En Bodegón con "Le Crapouillot", de 1925,
vemos ya la delicadeza y la suavidad en la aplicación de los
pigmentos. La obra remite a Cézanne por la preocupación
por la estructura y la construcción de las formas.
De 1925 es el
Retrato de su hermana Sagrario, compuesto atendiendo a la volumetría
general de la figura y con una maravillosa entonación verde
botella que contrasta suavemente con el gris del fondo.
Durante su estancia
en París realiza Paisaje con sombrilla roja, con una
entonación verdosa, que hace resaltar el negro de una de las
figuras que está en primer plano y la intensa pincelada de
rojo que conforma la sombrilla. Este toque vibrante de color anima
toda la composición.
A partir de 1950
tiene lugar la verdadera trasformación de Esteban Vicente,
sus composiciones se vuelven más abstractas y se muestran intensamente
decoradas, pero al mismo tiempo poseen una profunda espiritualidad.
Sin título,
de 1953, es uno de los cuadros ejecutados en Nueva York. Puede apreciarse
la coincidencia con obras de De Kooning. Se estructura en base a un
entramado aparentemente caótico, que ha sido creado por trazos
y manchas negras multidireccionales, que contrastan con colores cálidos
muy empastados. El color adquiere la máxima importancia, interesándose
por su aspecto material y táctil.
En Harmony,
de 1976, rinde homenaje al recuerdo a Alison Peters, hija de la que
fue su esposa desde 1961, Harriet Godfrey Peters. Presenta gran sobriedad
cromática.
A partir de los
ochenta el color se multiplica, se hace más variado. Las tonalidades
esenciales de Vicente se mantienen, aunque se enriquecen con otras
que terminarán convirtiendo estos lienzos en una verdadera
sinfonía de malvas, verdes, amarillos, naranjas y azules.
Destacan Escena
desde el estudio, Cimiento o Desde el estudio, composiciones
relajantes donde apenas se adivinan formas, que insinúan y
sugieren árboles, follaje o flores. Los amarillos, los verdes
y el blanco del lienzo, se combinan en armonía, formando un
conjunto deslumbrante.
Sensaciones más
fuertes transmiten Tormenta, Sabiduría o Fragancia,
con intensos lilas, grises, naranjas y ocres, distribuidos en grandes
zonas horizontales que alteran nuestro interior.
En Soledad,
de 1991, presenta cuatro manchas rojas que resaltan sobre el verde
del fondo. Crea una atmósfera imprecisa, acuosa y misteriosa,
que predispone a la contemplación y la meditación.
Aquí, de
1993, también hace referencia al mundo espiritual.
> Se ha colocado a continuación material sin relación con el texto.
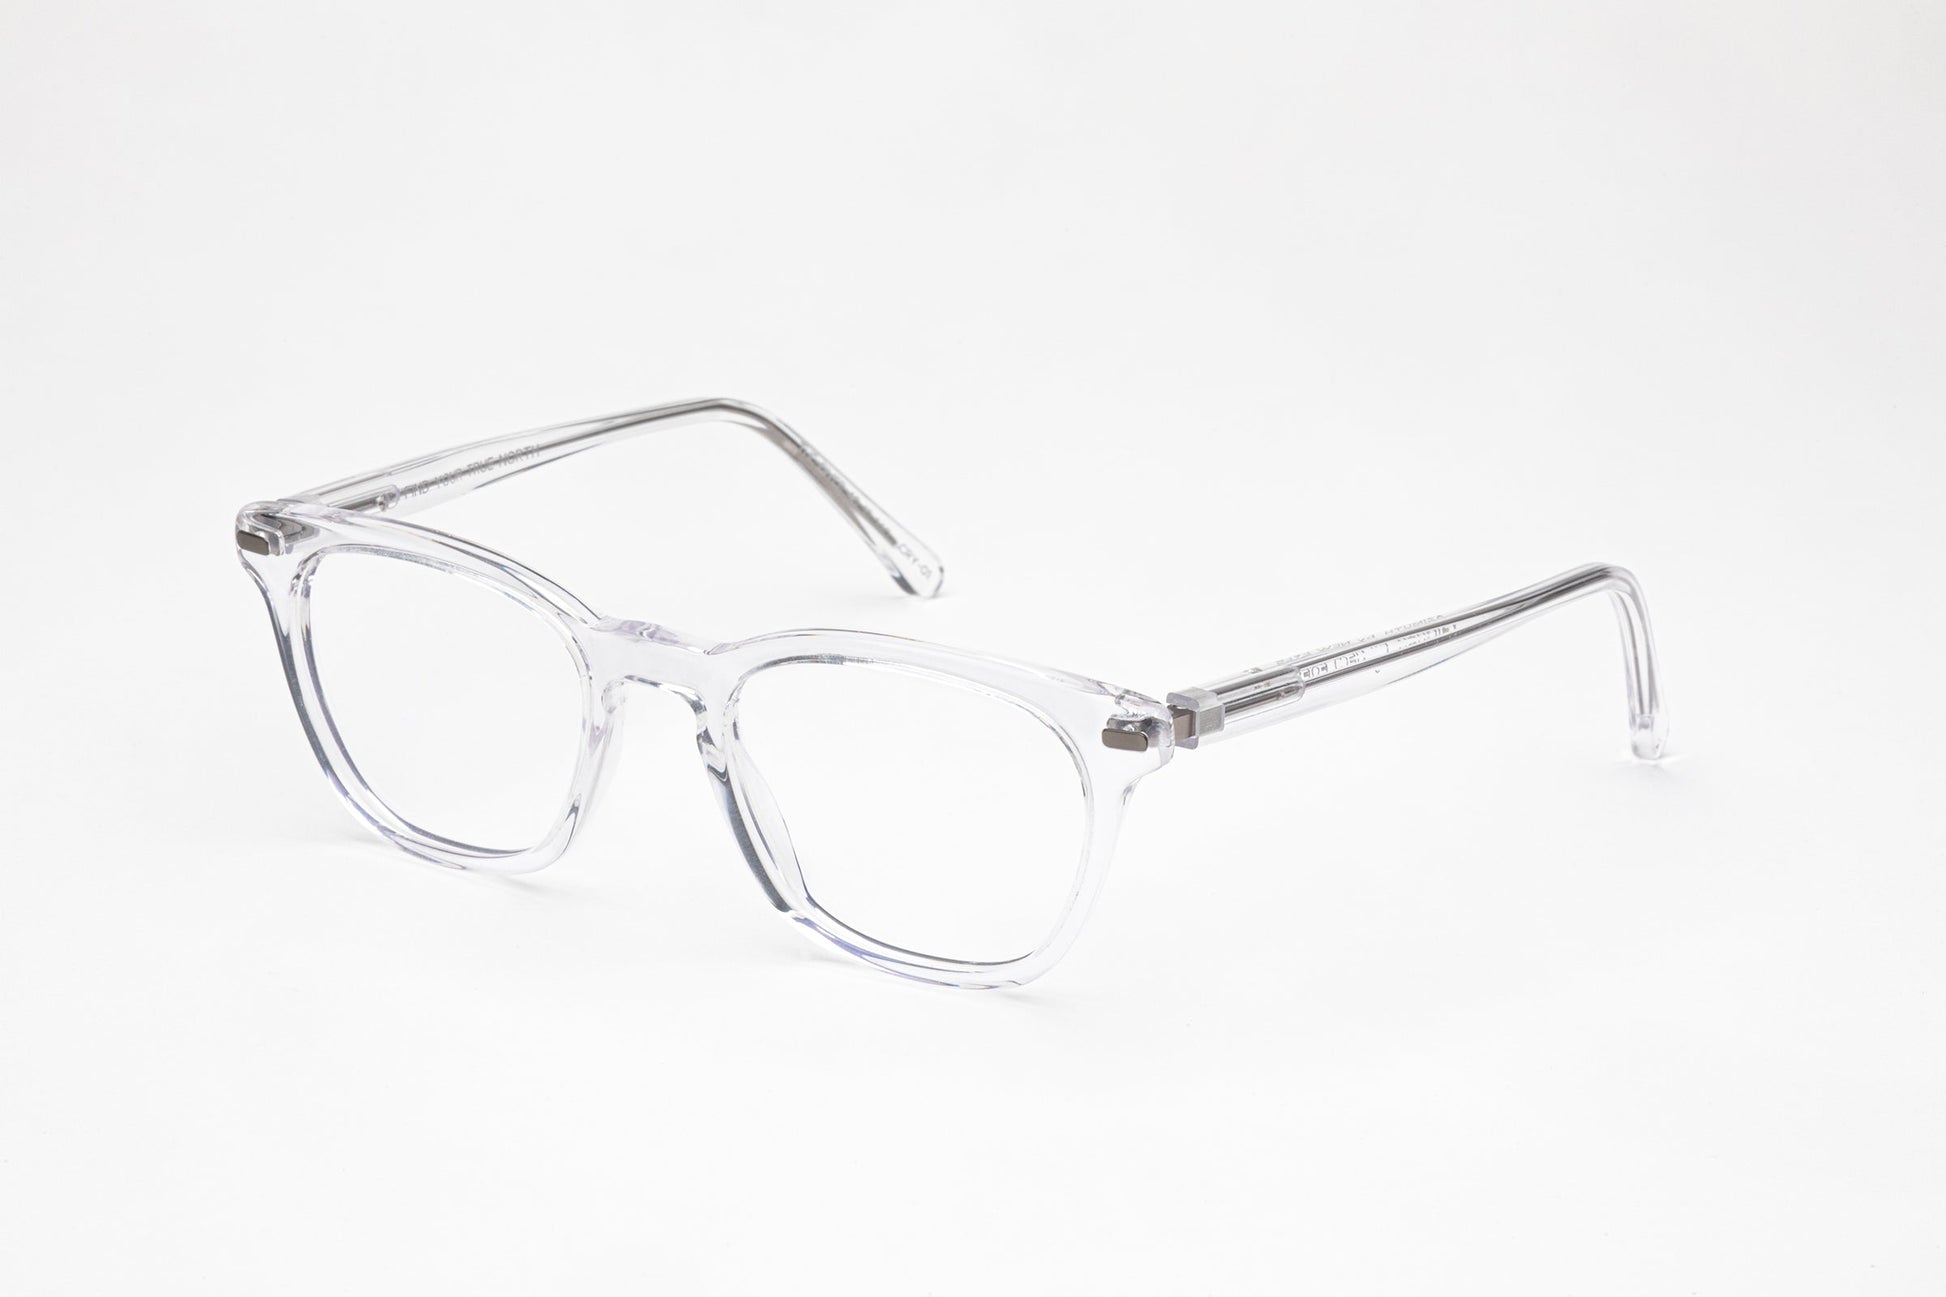 Angled View - The Giver 3 | Square Prescription Designer Glasses – Transparent Clear Frames

La mitad
inferior posee una riquísima gama de colores mientras que la
mitad superior, sólo presenta una pequeña forma roja.
Junto a su actividad
pictórica, Esteban Vicente desarrolló una importante
labor docente como profesor de pintura en la Universidad de Puerto
Rico, en la Universidad de Berkeley, California y en la Universidad
de Nueva York. Su obra fue casi desconocida en nuestro país
hasta 1987, fecha en la que el Banco Exterior realiza una muestra
antológica.
En 1998, se inauguró
el Museo de Arte Contemporáneo que lleva su nombre en
Segovia y El 11 de enero de 2001, poco antes de cumplir 98 años,
falleció en su casa de Bridgehampton (Long Island).